Collection entries:
--

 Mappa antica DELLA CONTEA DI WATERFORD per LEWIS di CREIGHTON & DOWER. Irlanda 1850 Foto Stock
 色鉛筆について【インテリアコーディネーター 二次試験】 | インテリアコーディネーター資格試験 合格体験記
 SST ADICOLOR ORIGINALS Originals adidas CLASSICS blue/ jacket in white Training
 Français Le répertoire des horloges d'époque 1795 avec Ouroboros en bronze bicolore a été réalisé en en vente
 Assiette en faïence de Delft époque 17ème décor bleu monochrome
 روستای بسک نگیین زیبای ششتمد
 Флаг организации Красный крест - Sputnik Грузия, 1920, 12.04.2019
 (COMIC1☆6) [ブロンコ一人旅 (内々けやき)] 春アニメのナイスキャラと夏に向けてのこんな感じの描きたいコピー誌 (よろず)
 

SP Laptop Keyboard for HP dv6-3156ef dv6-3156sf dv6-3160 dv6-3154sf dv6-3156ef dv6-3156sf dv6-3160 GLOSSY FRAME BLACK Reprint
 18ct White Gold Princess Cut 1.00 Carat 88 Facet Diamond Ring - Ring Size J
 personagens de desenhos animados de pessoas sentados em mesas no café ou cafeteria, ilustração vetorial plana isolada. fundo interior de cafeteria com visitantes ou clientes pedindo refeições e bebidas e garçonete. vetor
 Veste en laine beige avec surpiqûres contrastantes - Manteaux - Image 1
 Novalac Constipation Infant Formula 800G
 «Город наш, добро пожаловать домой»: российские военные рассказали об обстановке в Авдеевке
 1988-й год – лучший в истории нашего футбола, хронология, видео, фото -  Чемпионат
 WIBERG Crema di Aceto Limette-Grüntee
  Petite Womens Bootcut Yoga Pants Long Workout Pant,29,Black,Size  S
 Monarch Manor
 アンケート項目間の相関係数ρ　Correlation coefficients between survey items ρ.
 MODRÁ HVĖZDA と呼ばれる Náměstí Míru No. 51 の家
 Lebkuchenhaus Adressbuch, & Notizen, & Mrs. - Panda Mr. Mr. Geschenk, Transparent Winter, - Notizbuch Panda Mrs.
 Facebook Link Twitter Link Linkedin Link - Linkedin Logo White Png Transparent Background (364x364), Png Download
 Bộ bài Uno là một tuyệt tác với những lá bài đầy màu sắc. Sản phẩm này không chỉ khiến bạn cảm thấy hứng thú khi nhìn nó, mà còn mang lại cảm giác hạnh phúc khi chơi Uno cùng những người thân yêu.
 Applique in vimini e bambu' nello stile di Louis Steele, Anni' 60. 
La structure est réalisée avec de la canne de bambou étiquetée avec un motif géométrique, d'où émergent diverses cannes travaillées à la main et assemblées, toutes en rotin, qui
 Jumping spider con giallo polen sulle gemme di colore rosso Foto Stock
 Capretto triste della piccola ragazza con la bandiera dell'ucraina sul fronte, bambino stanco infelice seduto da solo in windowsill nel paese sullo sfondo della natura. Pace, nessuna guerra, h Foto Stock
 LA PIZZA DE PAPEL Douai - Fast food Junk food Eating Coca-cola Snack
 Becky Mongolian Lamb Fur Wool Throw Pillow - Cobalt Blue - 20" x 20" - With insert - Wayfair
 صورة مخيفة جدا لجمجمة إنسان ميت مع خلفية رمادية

--

* **Exercise details**
The count alone is needed: how many lines of these entries contain the word "époque"?

* **Answer for the task**
2